For some workloads the payload size is relatively proportional to the cost of the request - for the system of record. But latency and request setup costs do tend to shift that a bit.

But the bigger problem with LRU is that some workloads eventually resemble table scans, and the moment the data set no longer fits into cache, performance falls off a very tall cliff. And not just for that query but now for all subsequent ones as it causes cache misses for everyone else by evicting large quantities of recently used records. So you need to count frequency not just recency.

2 comments

For every caching algorithm you can design an adversarial workload that will perform poorly with the cache. Your choice of caching algorithm/strategy needs to match your predicted workload. As you're alluding there's also the question of which resource are you trying to optimize for, if you're trying to minimize processing time that might be a little different than optimizing for bandwidth.
If you have to refetch on a cache miss you're going to be doing both. But all optimizations are always playing with the trigraph of cpu time, memory, and IO (with the hidden fourth dimension of legibility), so I don't think you're saying anything that can't be assumed as given. Even among people who tend to pick incorrectly, or just lose track of when the situation has changed.
I understood the OP to have said something along the lines of if we have a fixed cost per object then we should bias towards smaller objects if we want to minimize that cost.

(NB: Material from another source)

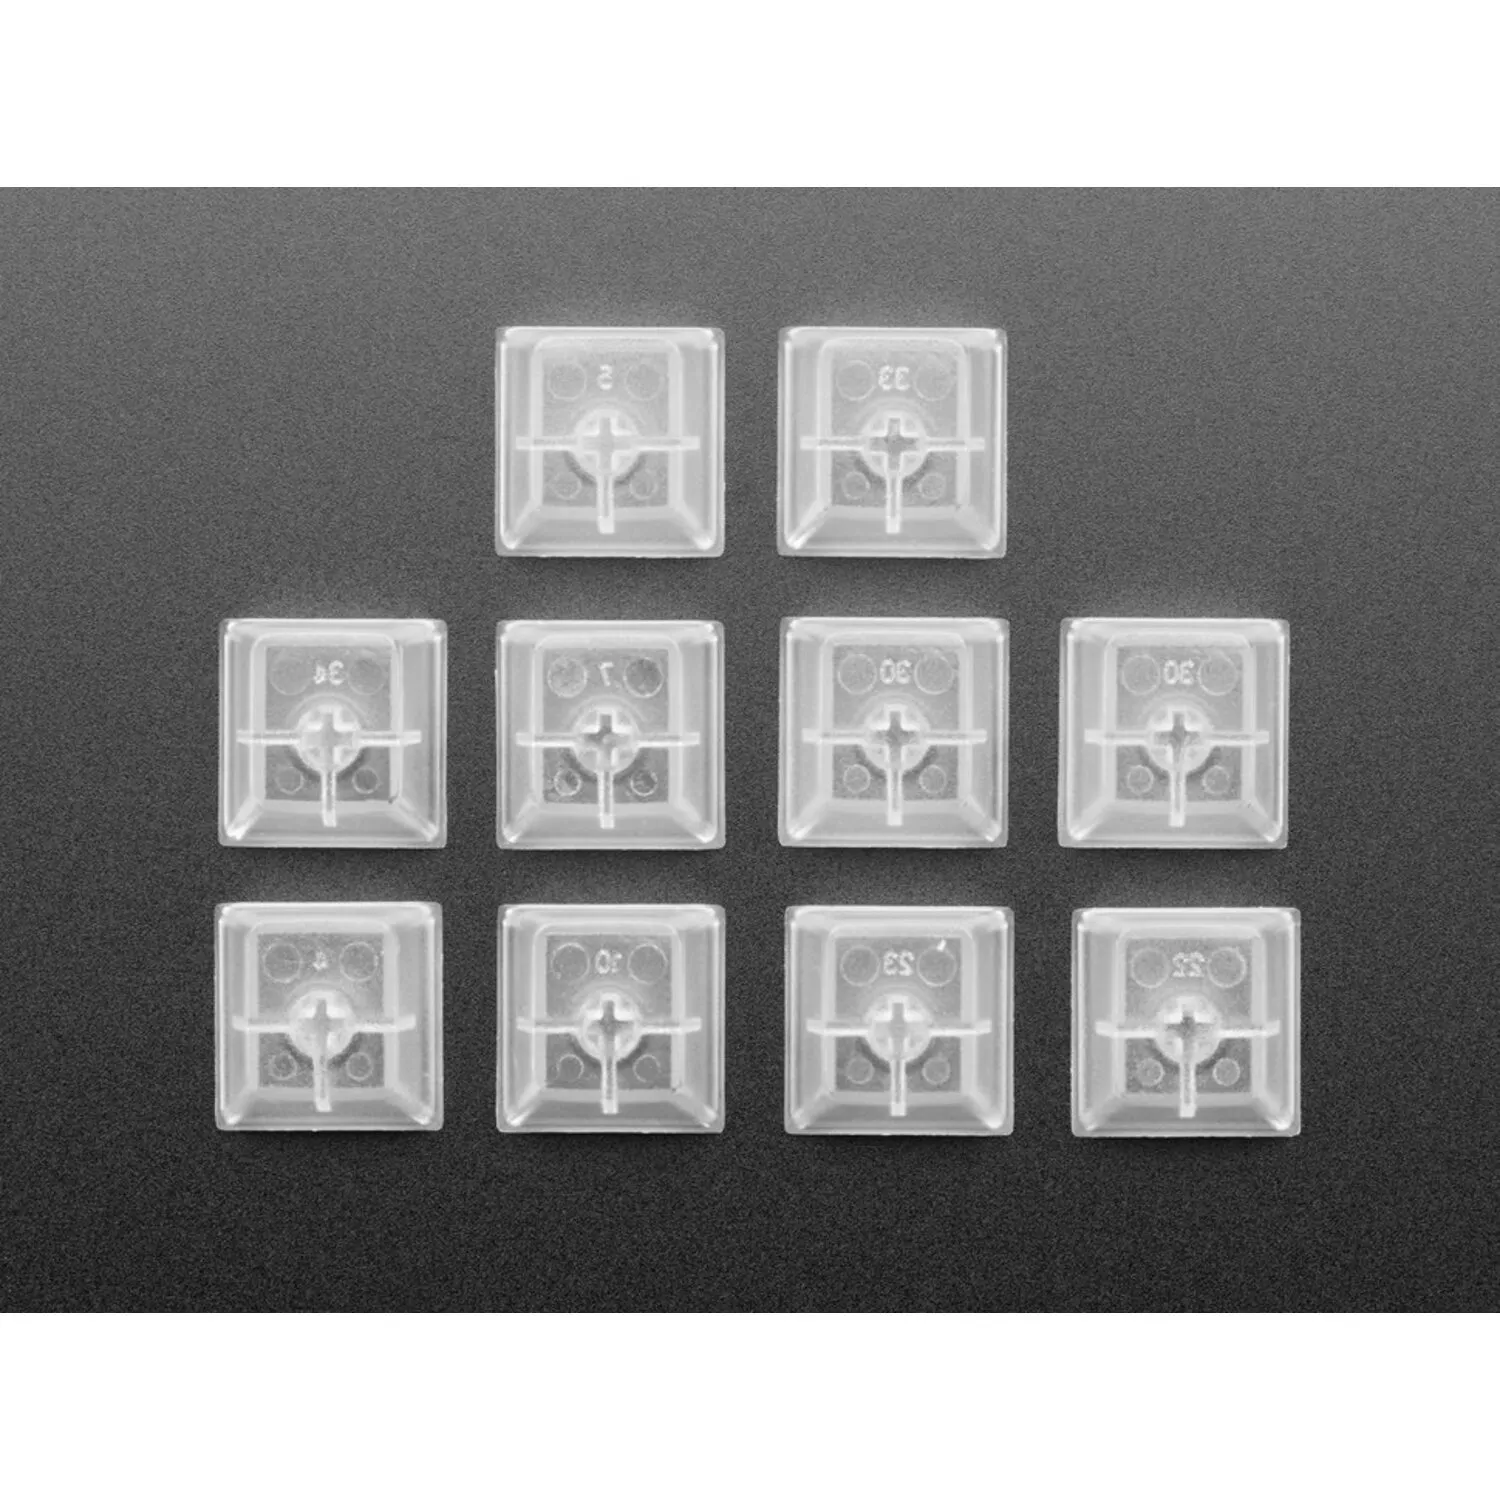 Photo of Translucent Keycaps for MX Compatible Switches - 10 pack

And totally legibility and/or simplicity. I'll take something I can reason about and maintain over something more complicated just to eek out a tiny better hit ratio. That said, if you're caching at scale your 0.05% hit ratio can be a big deal.

As a matter of personal taste/opinion I also shy away from close loop systems. Feedback makes things complicated in non-intuitive ways. Caffeine seems neat in terms of using feedback to adjust the cache to the workload - as always test with your workloads and pick what is best for your situation.

The thing is that untangling the logic often reveals either new feature opportunities that would have been ugly to implement previously, or new optimization opportunities because the code is clearer, and possibly two things that seemed unrelated before are now obviously related.

If I can't figure out how to make code faster without cheesing it I'll just follow the campsite rule and hope for inspiration (the more you work with code the more you understand it, and I might as well clean while I'm here)

You might be interested in this thread [1] where I described an idea for how to incorporate the latency penalty into the eviction decision. A developer even hacked a prototype that showed promise. The problem is that there is not enough variety in the available trace data to be confident that a design isn't overly fit to a particular workload and doesn't generalize. As more data sets become available it will become possible to experiment with ideas and fix unexpected issues until a correct, simple, elegant design emerges.

[1] https://github.com/ben-manes/caffeine/discussions/1744

I'll check it out.

The thing is that the math changes when the system is saturated. The closer you get to tipping over, the more each new request costs. I feel like I can clearly recall times when I had to make a Sophie's Choice between p50 and p95 times because of issues of this sort.